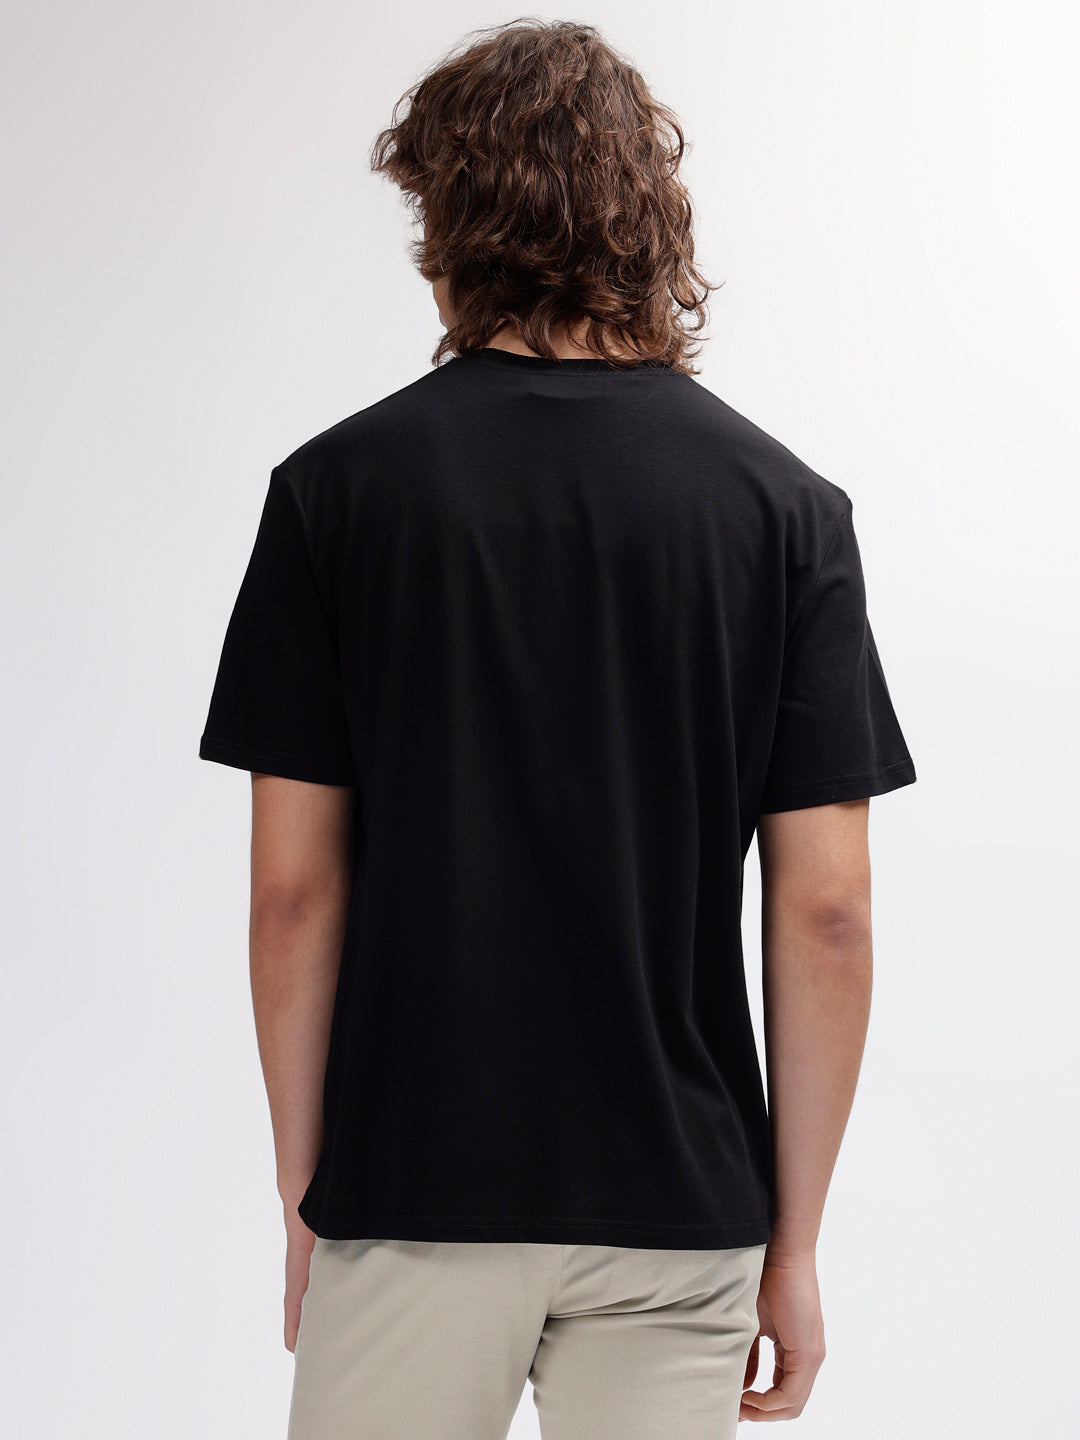 Just Cavalli Men Black Printed Round Neck Short Sleeves T-shirt
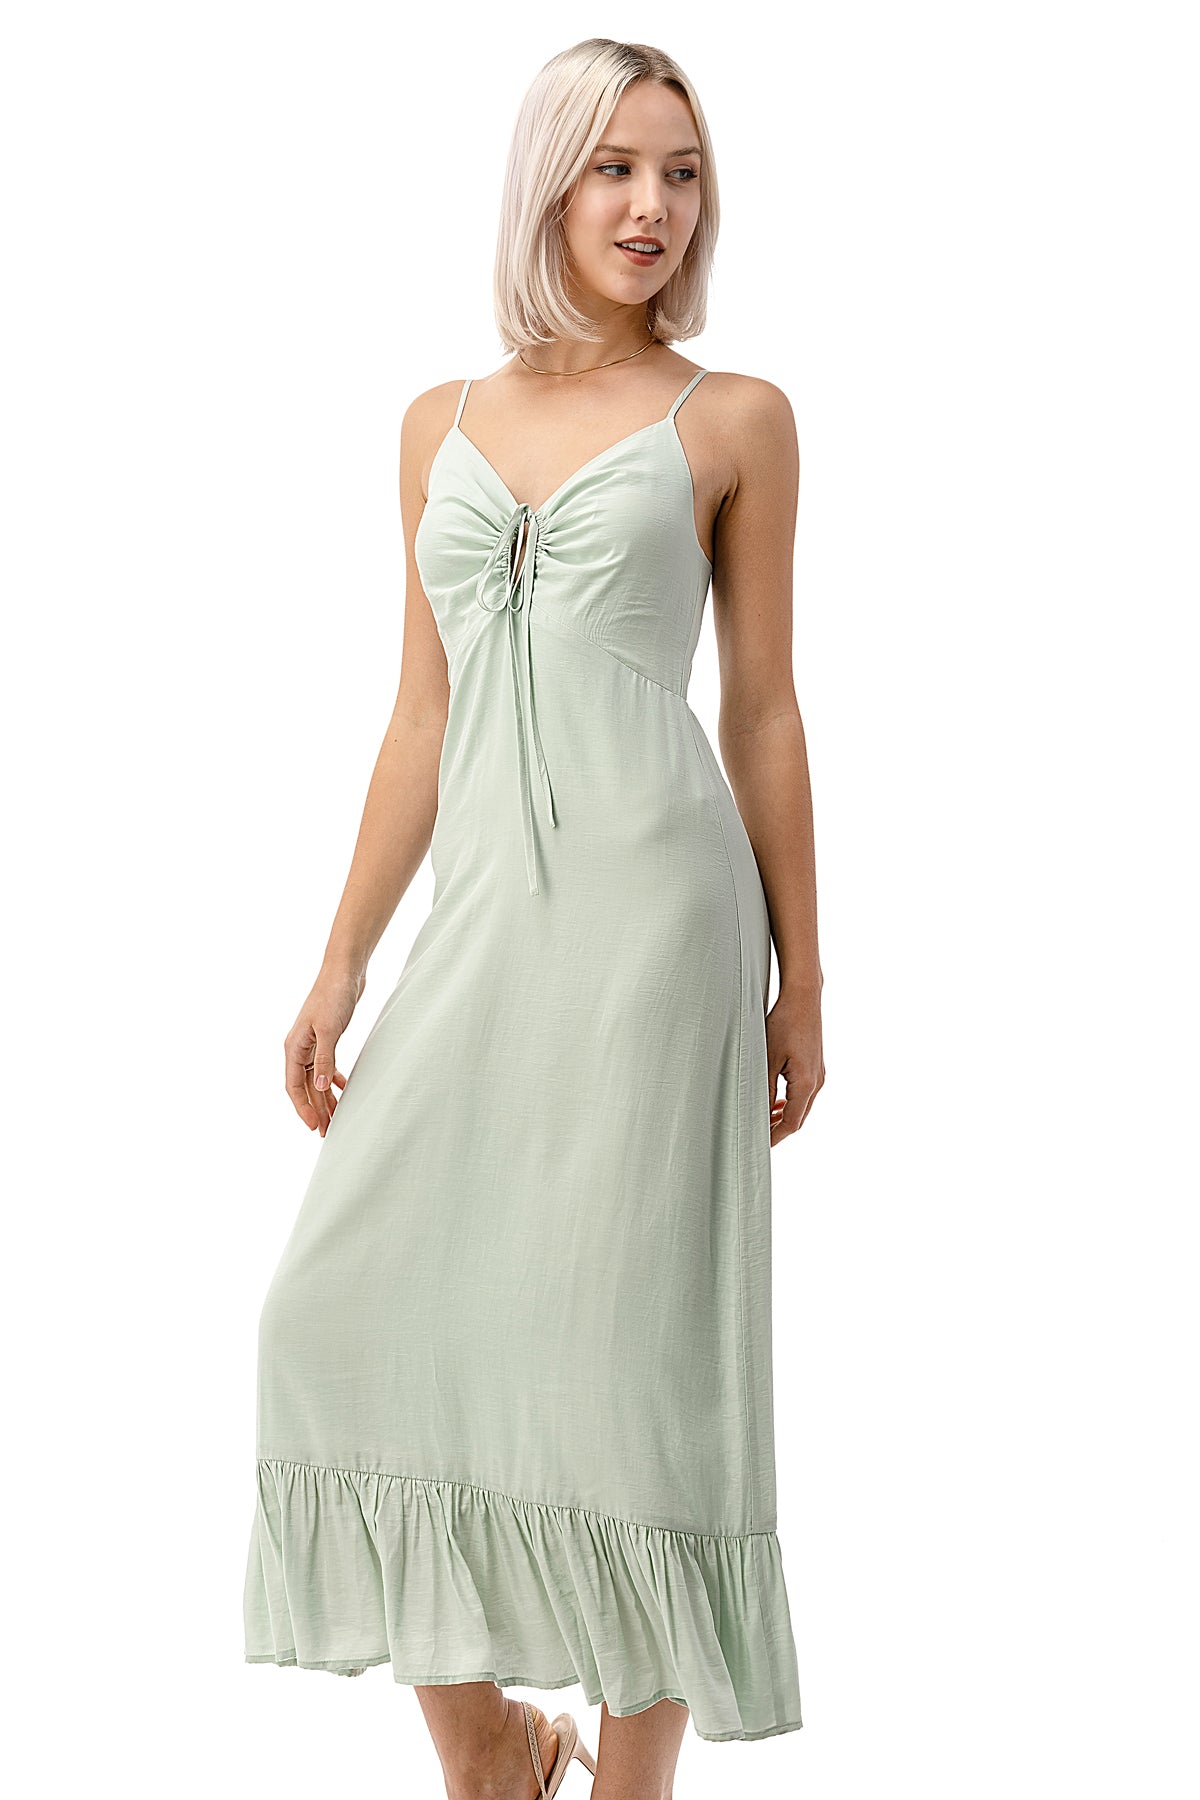 EDGY Land Girl's and Women's Drawstring Bra Flowey Ruffled Bottom A-Line Open Back Tea-Length Cami Party Dress
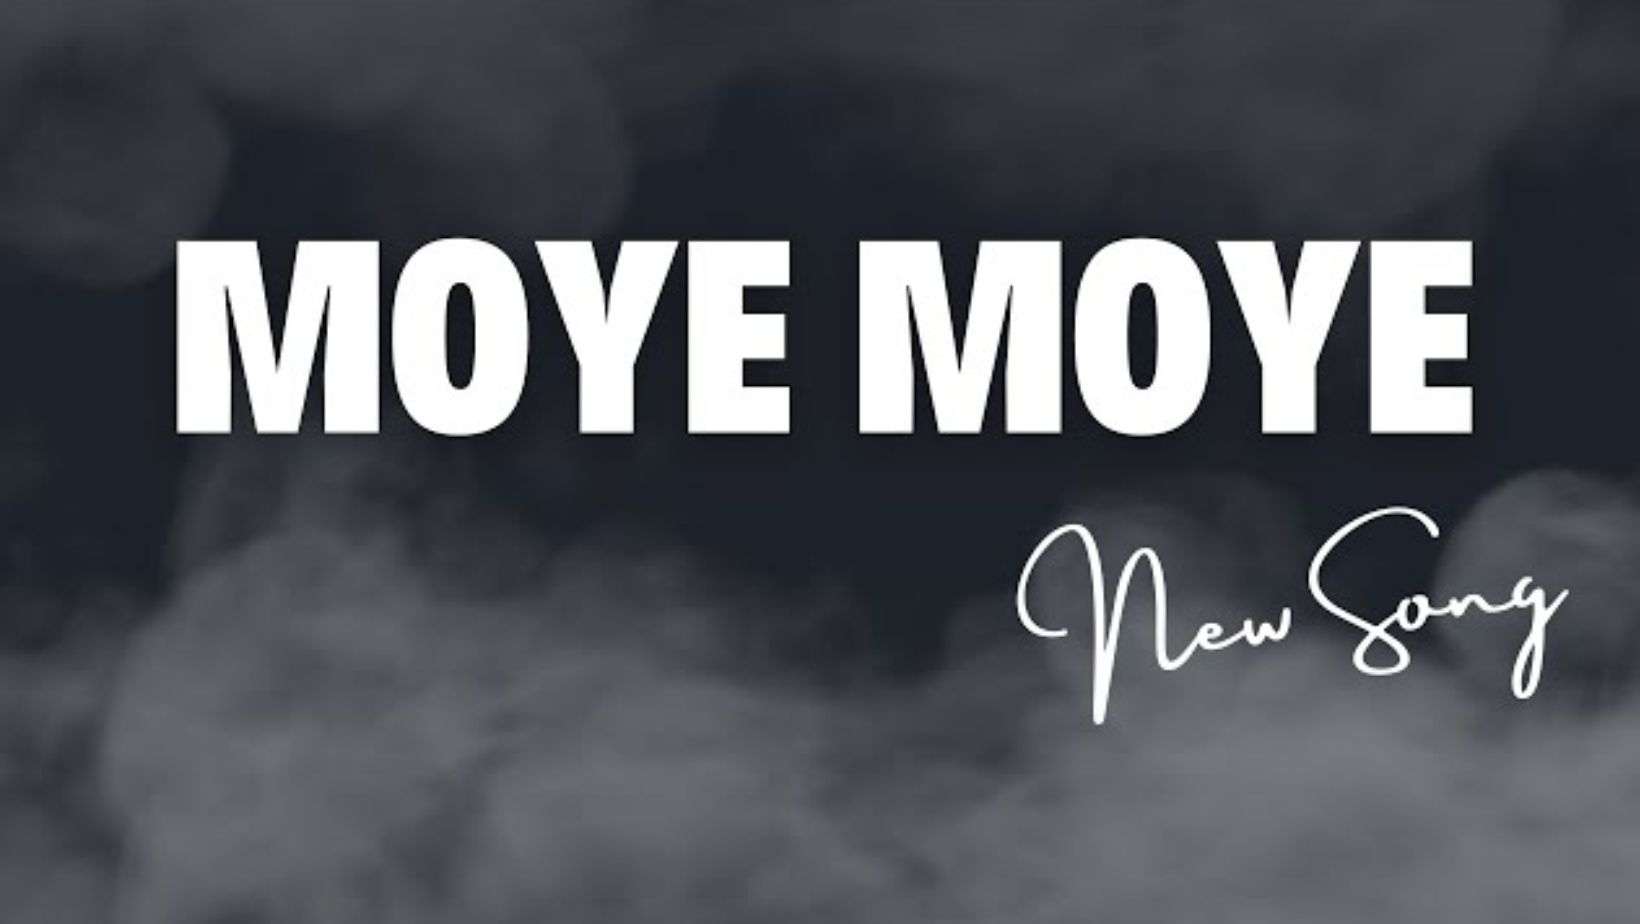 Moye Moye Lyrics In English

** AIM OF THE EXERCISE **
Print each line above exactly as it appears, excluding all images.

** EXERCISE RESPONSE **
 Just Cavalli Men Black Printed Round Neck Short Sleeves T-shirt
 EDGY Land Girl's and Women's Drawstring Bra Flowey Ruffled Bottom A-Line Open Back Tea-Length Cami Party Dress
 Moye Moye Lyrics In English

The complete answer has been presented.